For our interview with Steve Van Doren we decided to team up with Henry Davies from The Other Side of the Pillow. For those that don’t know, Henry is an avid Vans collector and runs a vintage Vans shop in east London, which is essentially like a Vans museum. Van Doren already knew Henry and actually asked him to create Vans historic displays from his collection for House of Vans in London and New York for Vans’ 50th anniversary.

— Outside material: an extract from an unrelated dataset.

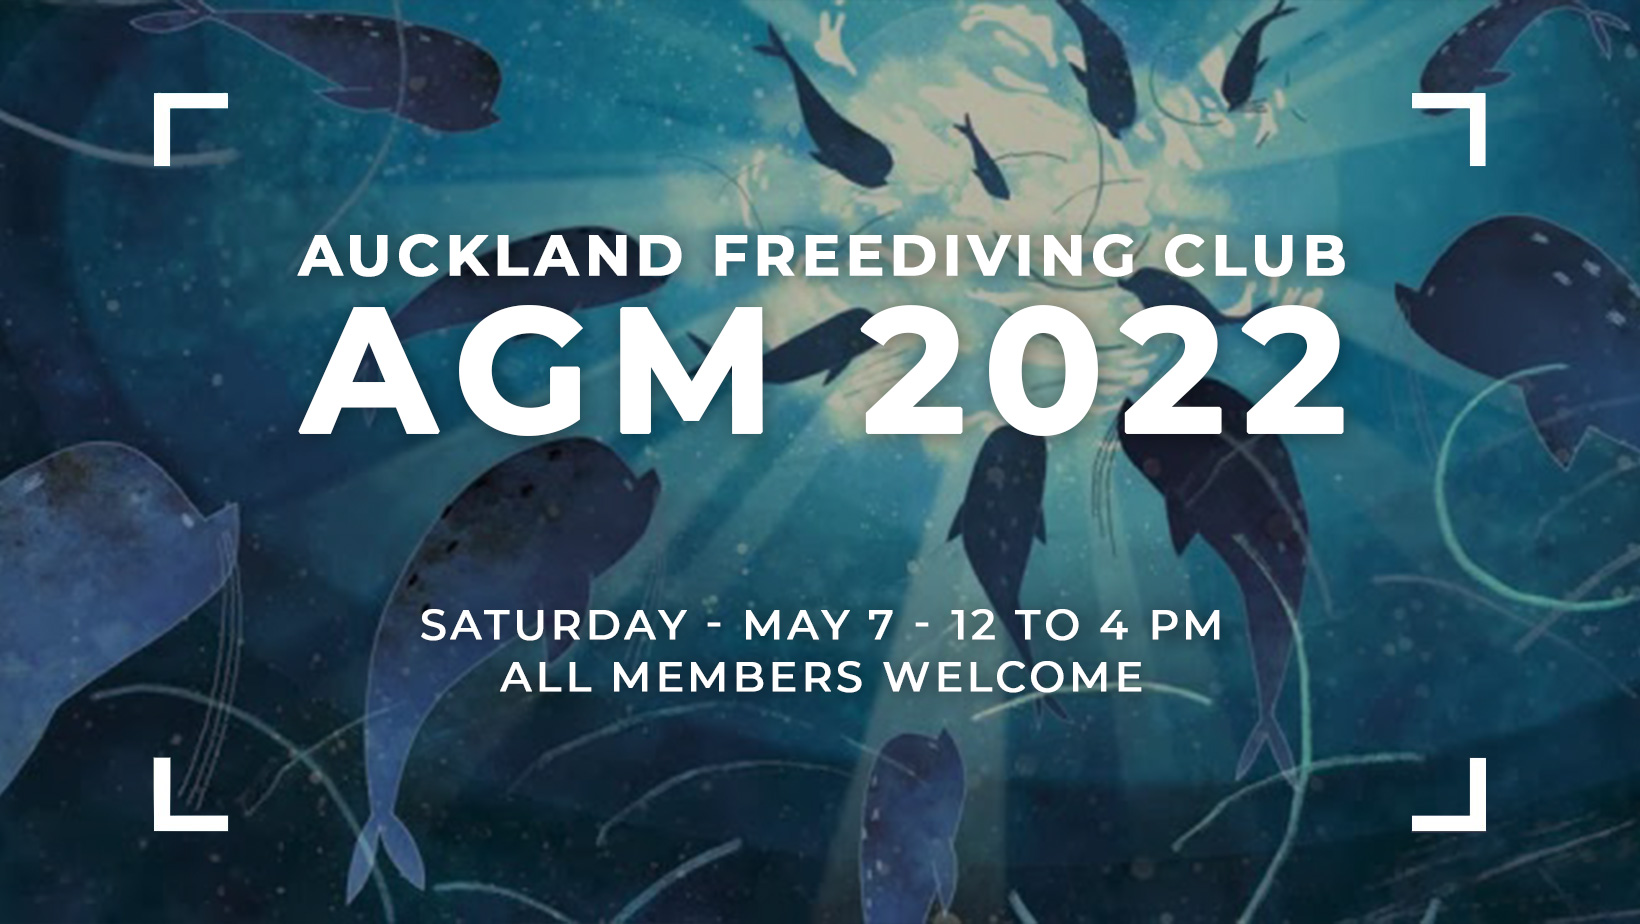 Get ready for the AGM 2022

So we thought it would be good to get these two Vans aficionados together for a chat… Heck, why not?

Interview by Henry Davies

The classic perception of the (Vans) brand is as a skateboarding brand and in (my shop in) the UK that’s the general perception people have… But of course, the first ten years of the brand were pre-skateboarding.
Steve Van Doren: Yes we were just trying to find a customer that could get a pair of shoes and when my dad and (uncle) Jimmy made Vans they made the sole twice as thick as the other brands and they used the strongest canvas and nylon thread. They had to make them the strongest as we didn’t advertise, so we had to just win people over…. and that formula with the grippy sole is what skaters liked. So skaters bought the shoe, because they knew it would last three or four months while others would only last a week or two.

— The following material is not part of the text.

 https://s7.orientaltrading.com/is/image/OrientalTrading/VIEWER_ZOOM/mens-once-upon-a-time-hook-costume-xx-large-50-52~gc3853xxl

So it was just canvas casuals for anyone and a non-slip… You did the deck vibe…
Yeah well my dad did a store and he did four displays. He did one with a ladies’ style fabric, he did a boat shoe with a nautical scene that had the non-slip blue bottom and over here he had a basketball one with styles 23, 24 and 31 and 32 (basketball high & lows). That’s what was around in those days, we didn’t know about skateboarding at first.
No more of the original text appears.